HOW TO: Make a Timing Retard Box for a Nitrous Oxide system...
#21
HOW TO use this box without using or having HPT... See below post for examples...
Still all in all, everybody who talks about how cheap this is to do, don't ever include the cost of buying HPT or EFI live. You have to think about the guy who has nothing at all and is starting from scratch. Which route do you think he is going to go?
The only good thing I see from this is having multi stage retard for multiple shots.
The only good thing I see from this is having multi stage retard for multiple shots.
Ugh......Re-read the last part of my original HOW TO: post. You will notice that I mention there being an alternate option for those who don't have access to HPT, EFILive or other tuning solution. Look in the G8 IAT Spark Tables and you will see that it also pulls -3* spark at 113*F and pulls -5* at 122*F. The Multiplier table for these corresponding cells requests roughly about 75% across the RPM range which means -2.25* spark being pulled for the -3* figure in the main IAT Spark Table and 3.75* timing being pulled for the -5* figure in the main IAT Spark Table. So as long as you can get someone to send you the screen shots of what your vehicle's tune looks like in this area then you will have all of the information to be able to make the box according to what temperature cell you need to reference and also what resistance equates to that from the IATS. That would be a way to accomplish this, although not as cleanly in my book, without ever changing the existing tune in the vehicle.

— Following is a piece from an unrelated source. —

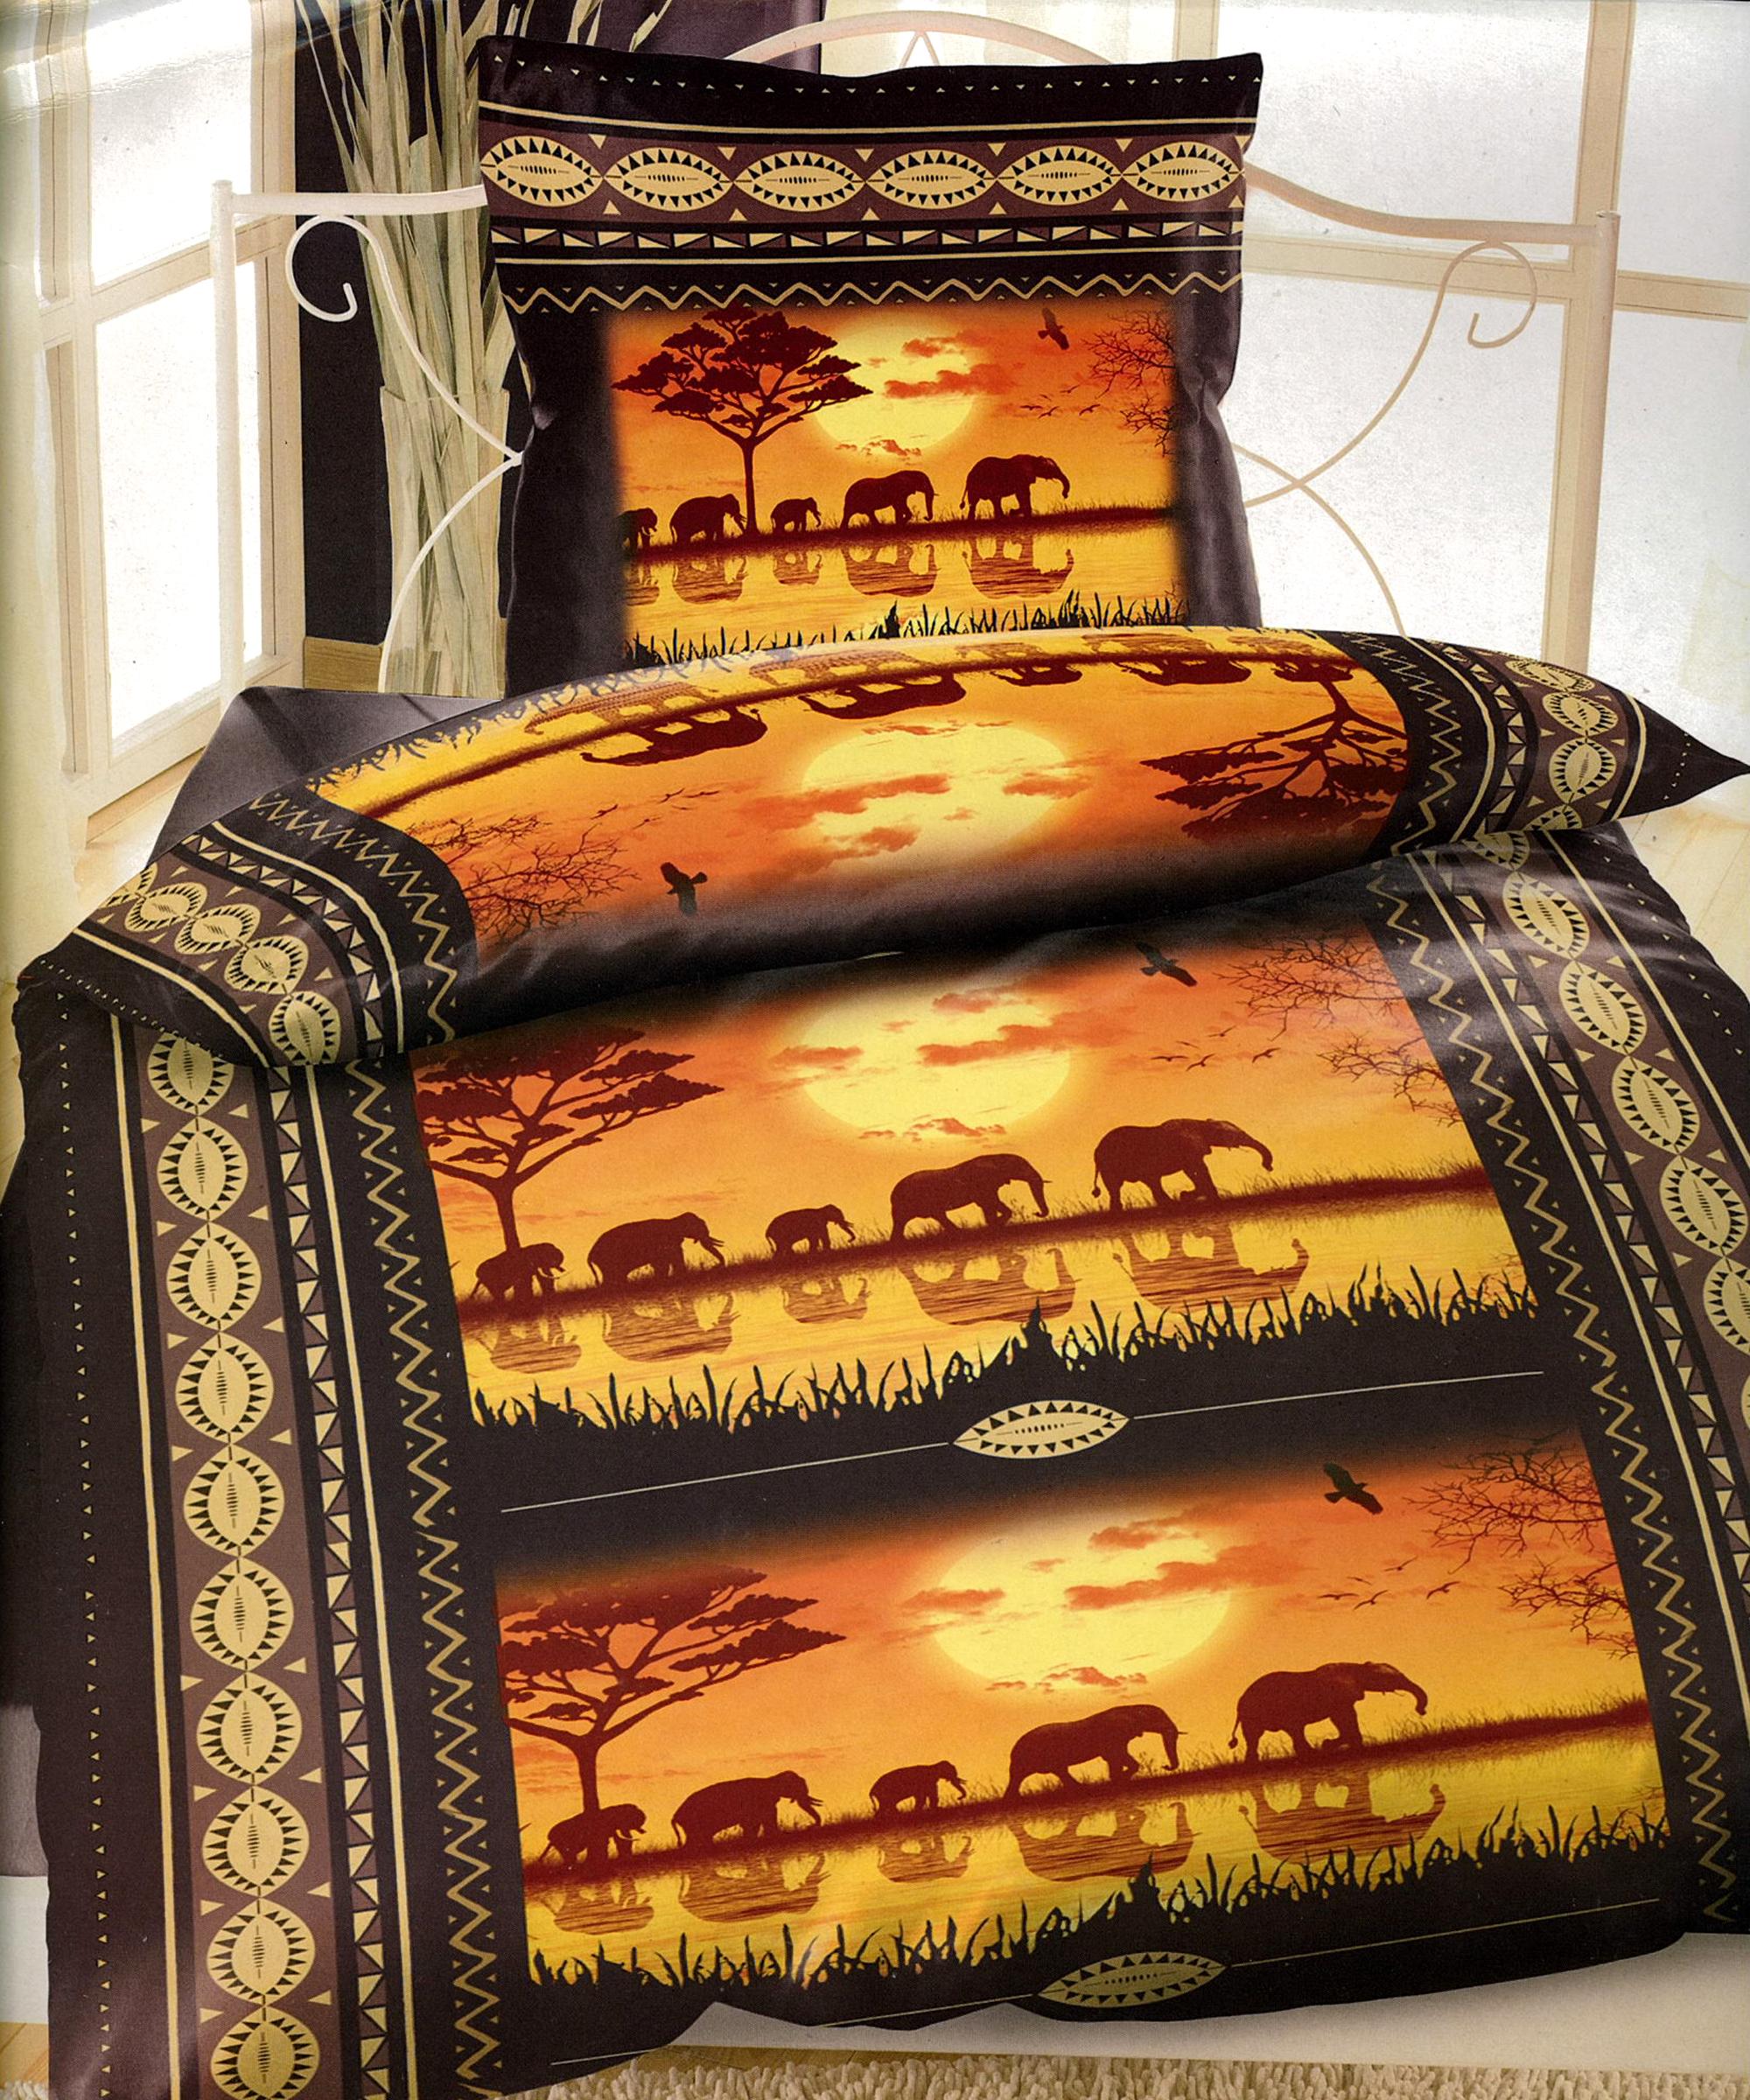 3 tlg baumwolle biber bettw sche 135x200 afrika elefanten bettlaken 90 100x200 ebay. Black Bedroom Furniture Sets. Home Design Ideas
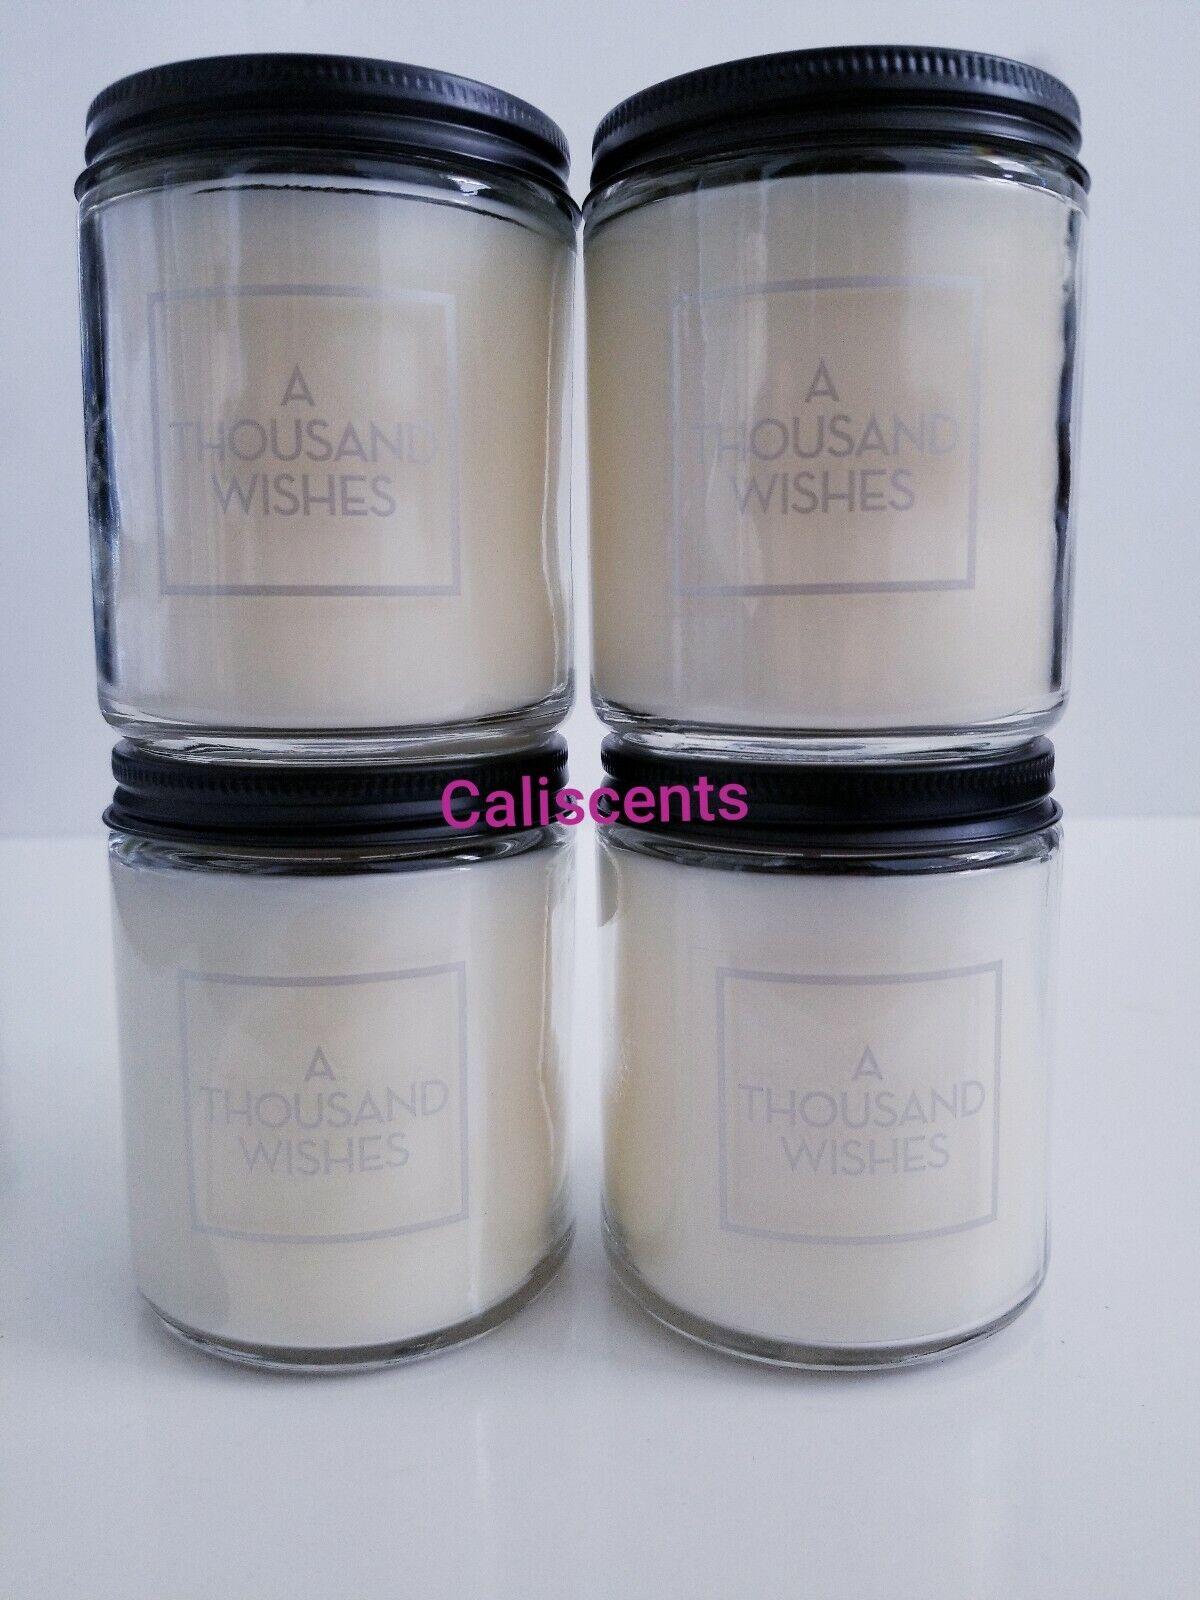 Bath & Body Works A THOUSAND  WISHES 7 oz Candles  Burns 20-30 Hrs X4  Ltd Etd

Besides, you don't have to own HPT or EFILive to do this in the tune. Chances are likely that if you are spraying nitrous that you also have some boltons. This means that you should already have a N/A tune. When you have your tuner finalizing your N/A tune you can show them this thread with the above screenshots and request that they take the 3 minutes to change these settings to whatever you prefer. So 3 minutes x roughly $100/hr labor charge equates to roughly $5. Not exactly breaking the bank is it.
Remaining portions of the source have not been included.